No Brasil, pelo sincretismo religioso, os santos católicos acabaram sendo assemelhados a Ibeji, orixá dos iorubás que também protege as crianças e cuida para que o tempo não amargue suas vidas.

A festa de São Cosme e Damião é comemorada no dia 27 de setembro. Em alguns lugares do Brasil, são distribuídos doces em saquinhos de papel para a criançada. Já em outras regiões, o caruru é servido para quem quiser chegar.

“Os adultos cantam músicas dos rituais dos santos, enquanto as portas são abertas para que as pessoas entrem, em fila, para receber seu prato, e assim todos confraternizam. Para essa festa não precisa de convite: quem quiser pode vir buscar o seu prato e participar”, afirmam Tereza Paim e Sonia Robatto, no livro “Na Mesa Baiana – Receitas, histórias, temperos e espírito tipicamente baianos”.

Ieda Matos, do restaurante Casa de Ieda, em São Paulo: Caruru de Cosme completo, com direito a outros pratos além do preparado com quiabo / Zé Carmo/ divulgação

Receita de Caruru por Ieda Matos, do restaurante Casa de Ieda, São Paulo

Ingredientes

  • 30 quiabos
  • 2 cebolas médias
  • 80 g de camarão seco defumado
  • 3 colheres (sopa) de azeite de dendê
  • meio copo americano de água
  • Sal a gosto

Modo de preparo

Corte os quiabos na longitudinal em cruz, formando quatro partes. Corte em pedaços bem pequenos. Bata no liquidificador as cebolas e os camarões. Reserve. Em uma panela, aqueça 3 colheres (sopa) de azeite de dendê e refogue a cebola batida com camarão. Adicione o quiabo e refogue. Junte a água e deixe cozinhar, mexendo sempre. Cerca de 5 minutos depois da primeira fervura, abaixe o fogo e mexa, para evitar que pegue o fundo da panela. Mantenha em fogo baixo por aproximadamente 25 minutos. Como o camarão afeta o tempero, experimente e verifique se precisa ser adicionado mais sal. Finalize com um fio de azeite de dendê.

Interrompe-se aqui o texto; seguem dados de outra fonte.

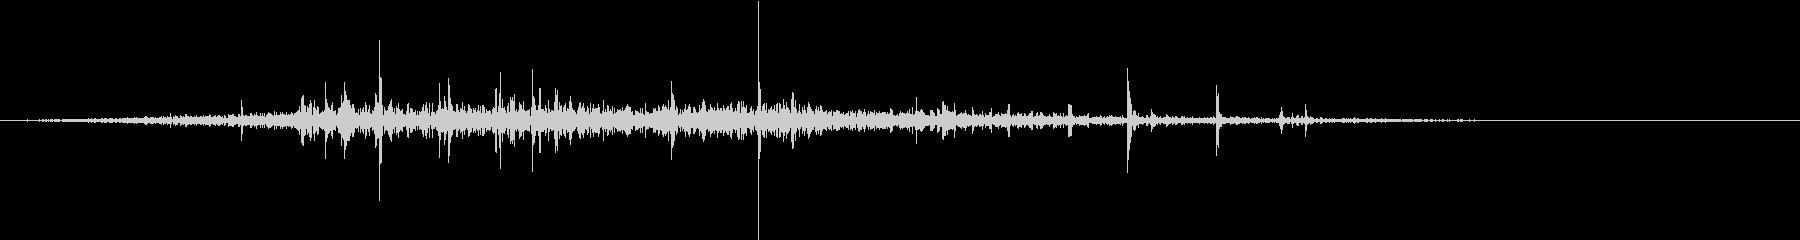 【生録音】布団を剥がす音 2の未再生の波形
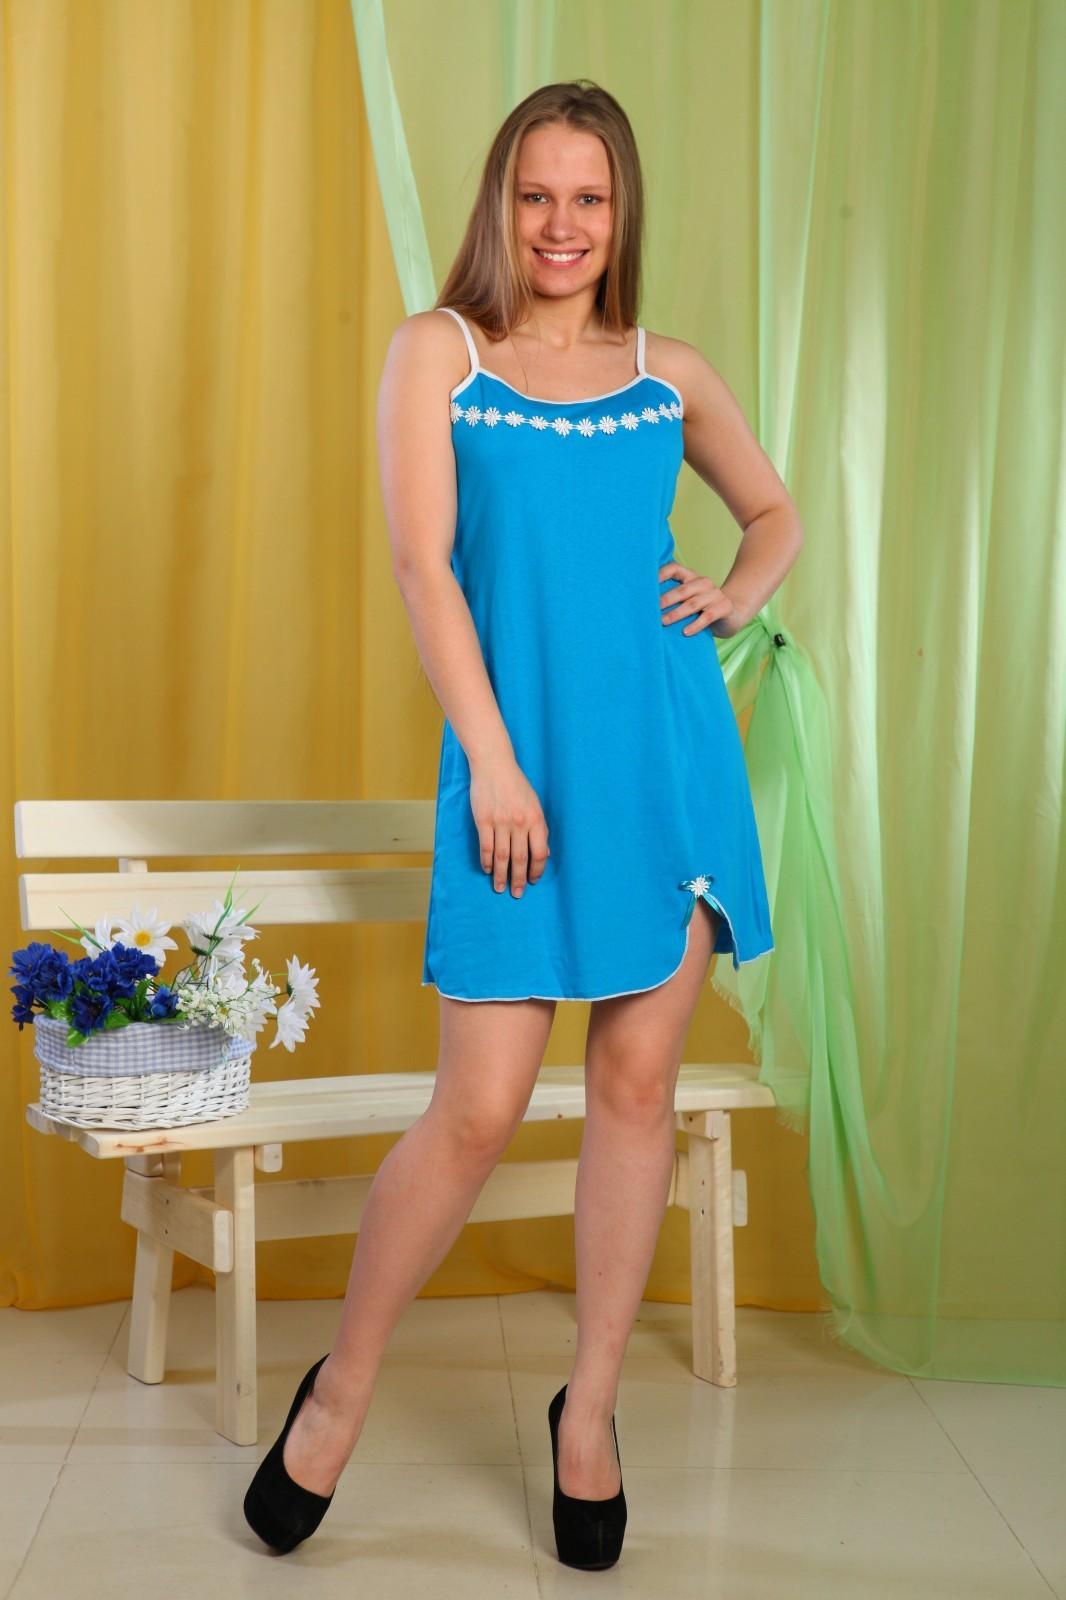 СорочкаНочные сорочки<br>Ночная сорочка на тонких бретелях. Домашняя одежда, прежде всего, должна быть удобной, практичной и красивой. В наших изделиях Вы будете чувствовать себя комфортно, особенно, по вечерам после трудового дня.  В изделии использованы цвета: голубой, белый  Ростовка изделия 170 см.<br><br>По длине: До колена<br>По материалу: Трикотаж,Хлопок<br>По рисунку: Однотонные<br>По силуэту: Свободные<br>По стилю: Повседневный стиль<br>По форме: Сорочки<br>По элементам: С декором<br>По сезону: Всесезон<br>Размер : 48,56<br>Материал: Трикотаж<br>Количество в наличии: 2

Dica de Ieda: Use quiabos novos, por serem mais moles e sem fibras, além de mais saborosos. Se tiver dúvidas ao comprar a granel, lembre de quebrar a pontinha. Se não separar e ficar uma fibra, é porque já está muito maduro.

Receita Caruru de folha de Dona Canô

Ingredientes

  • 100 quiabos cortados
  • ½ kg de camarão seco moído
  • 1 xícara de amendoim torrado e moído
  • 1 xícara de castanha-de-caju torrada e moída
  • 1 xícara de azeite de dendê
  • 3 cebolas batidas no liquidificador
  • 1 pedaço de gengibre ralado
  • Folhas de taioba, espinafre ou língua-de-vaca
  • Sal a gosto

Modo de preparo

Jogue os quiabos cortados numa panela com água fervente. Deixe os quiabos cozinharem até os caroços ficarem cor de rosa. Coloque os temperos e deixe cozinha bem, até ficar com “cara de velho.” O caruru de folha é igual ao caruru só de quiabo. Para ficar mais gostoso, juntar folhas de língua-de-vaca (uma espécie de almeirão), de taioba ou espinafre, aferventadas, escorridas e bem cortadinhas ou batidas no liquidificador com um pouco de leite de coco, até formar um tipo de pasta. Camarão seco moído, cebolas batidas no liquidificador, azeite de dendê, castanha e amendoim torrados e moídos misturado aos quiabos e às folhas já bem cozidas dão o toque final.